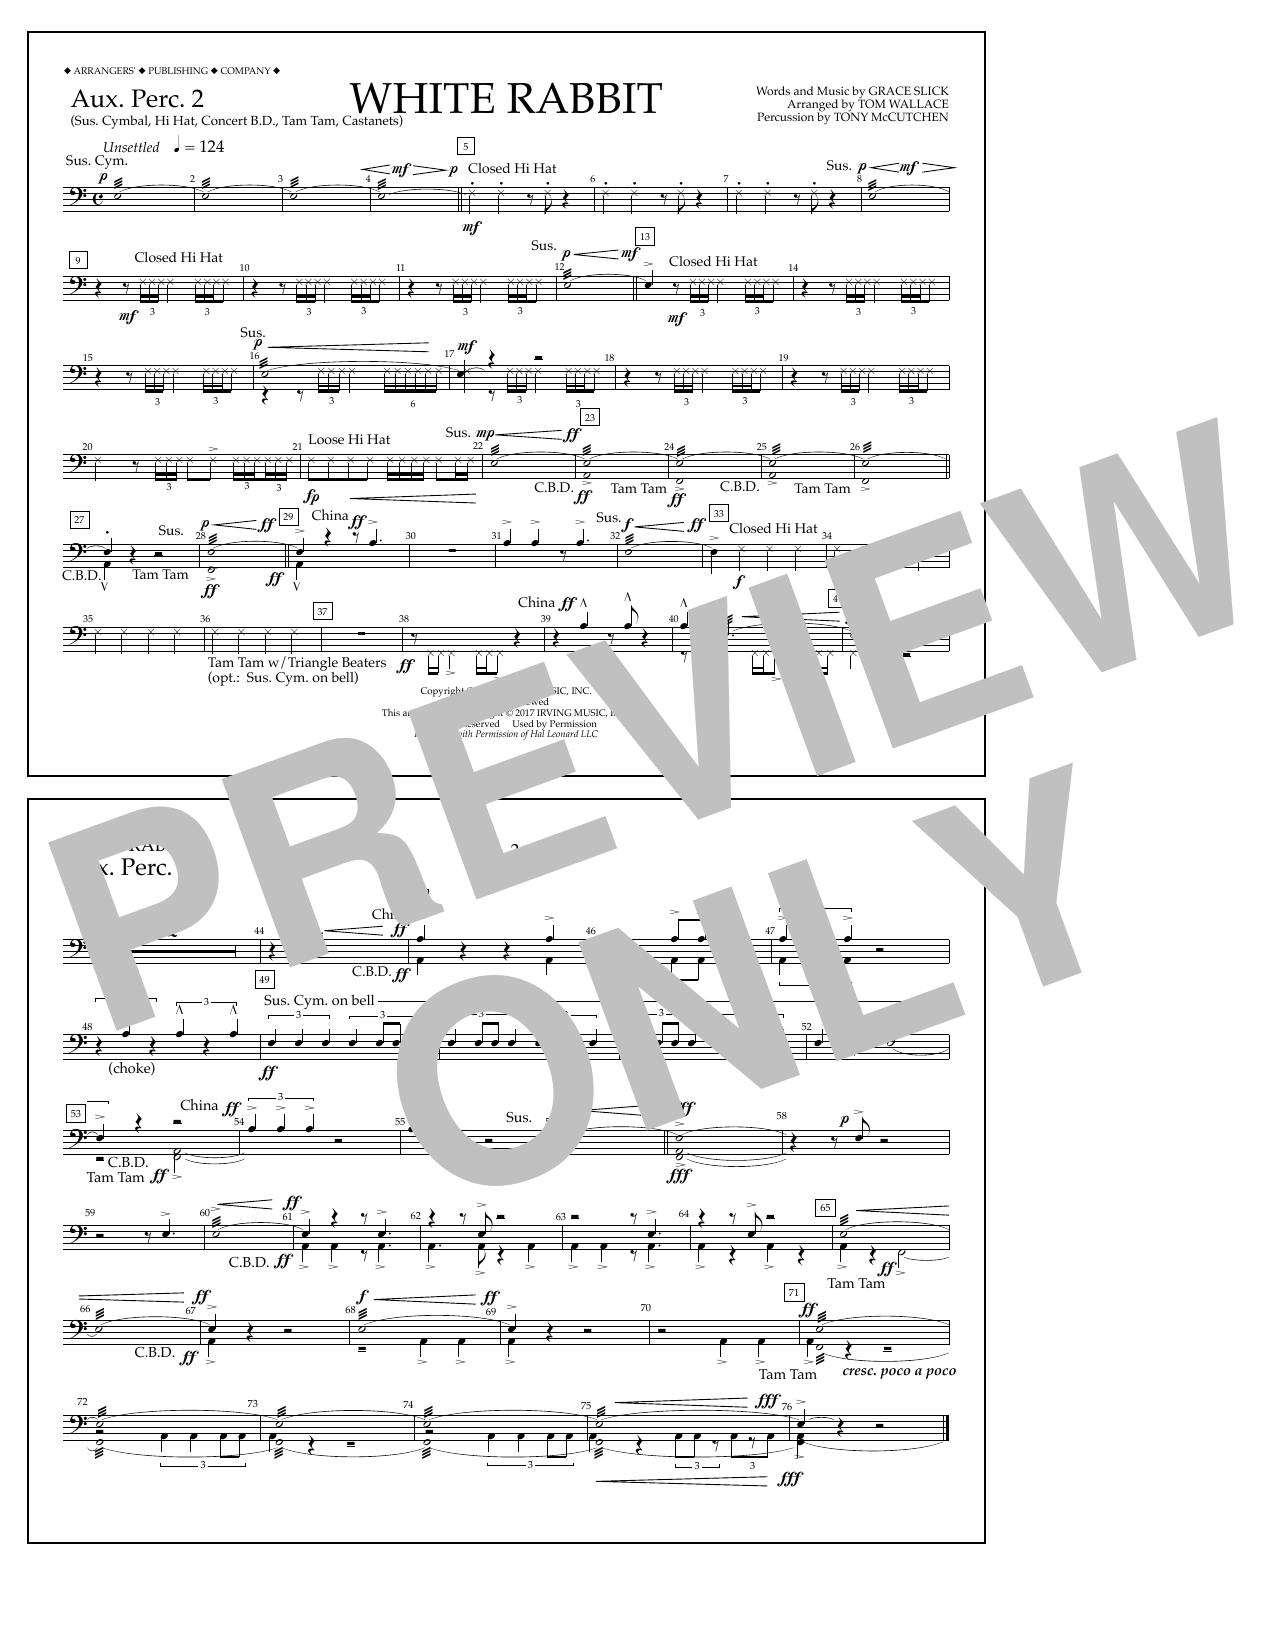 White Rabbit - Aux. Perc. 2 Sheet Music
---
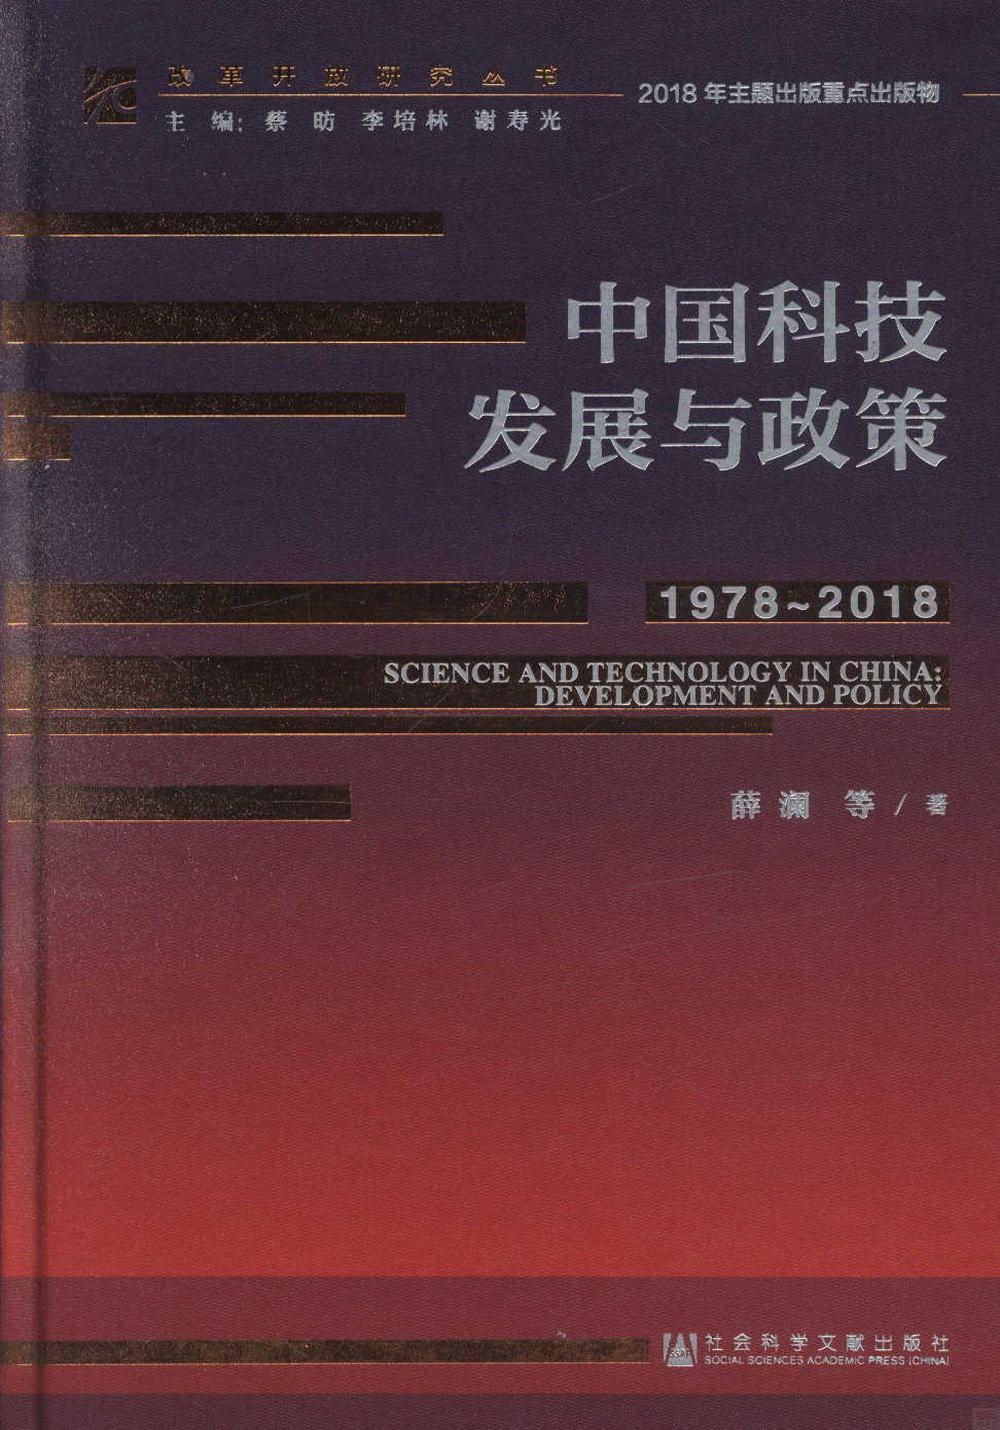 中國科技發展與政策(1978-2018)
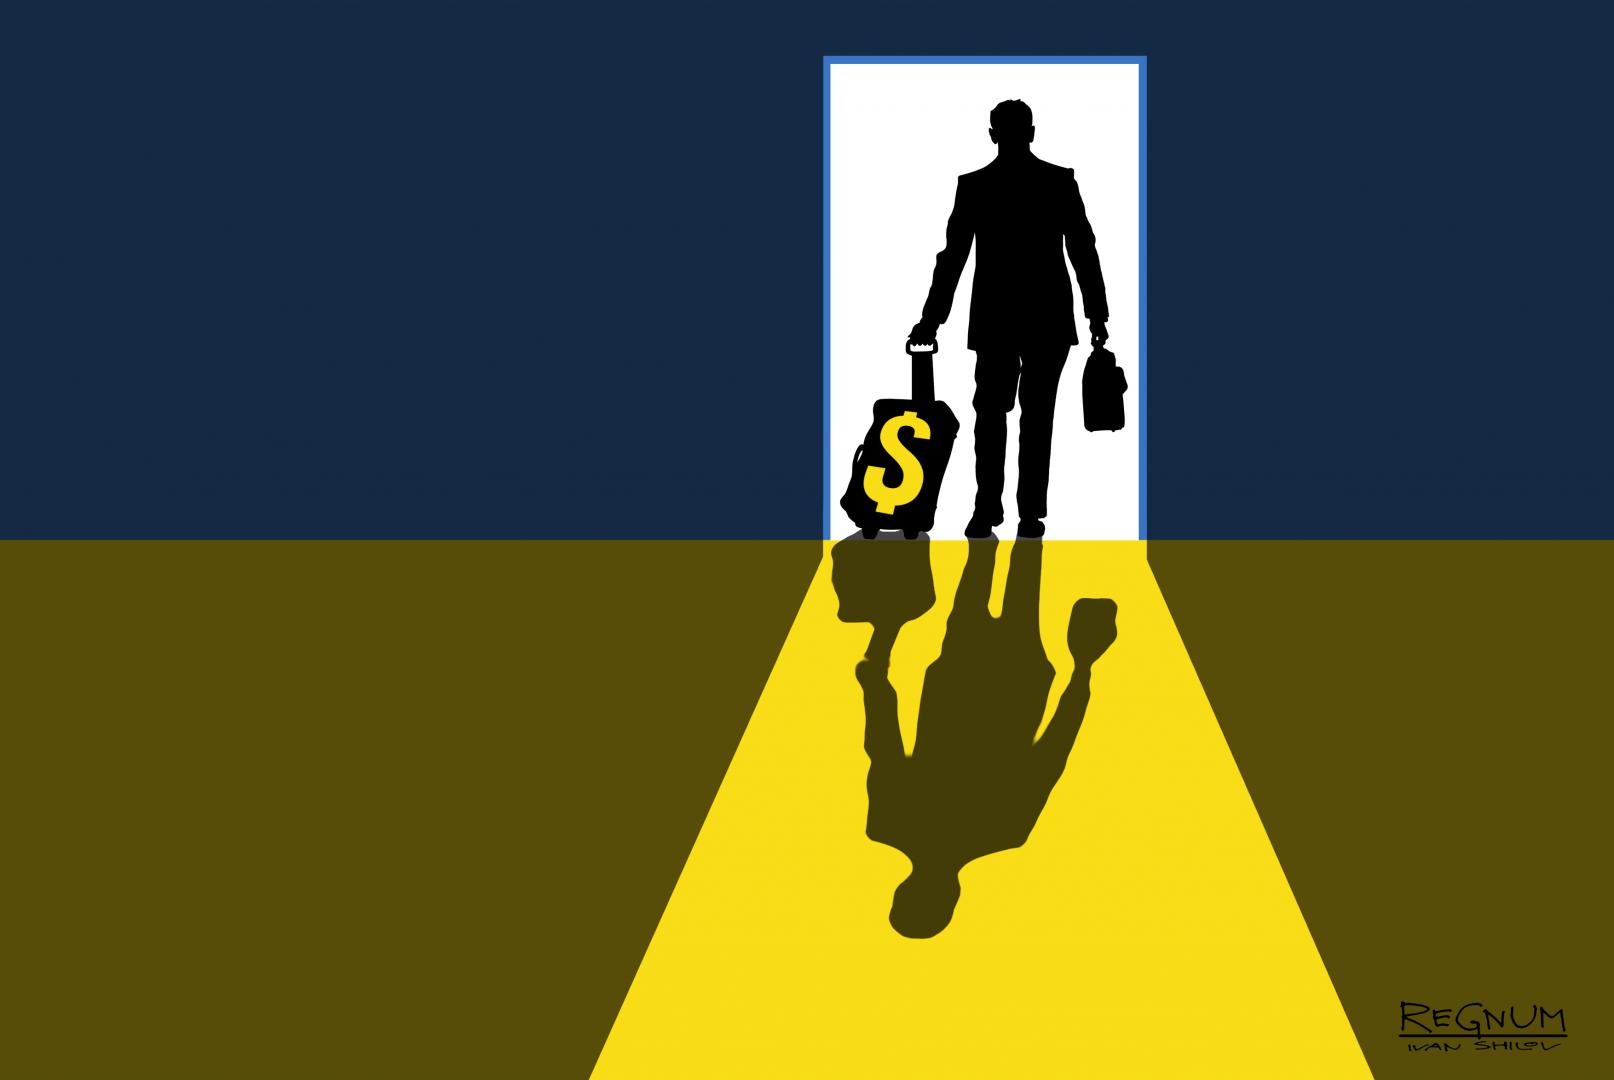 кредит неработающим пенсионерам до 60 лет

**Description of the task:** Copy exactly the lines of the entries above from the one containing "中國科技發展與政策(1978-2018)" through the one containing "кредит неработающим пенсионерам до 60 лет". Both end lines count; pictures do not.

**Result of the task:**
 中國科技發展與政策(1978-2018)
 кредит неработающим пенсионерам до 60 лет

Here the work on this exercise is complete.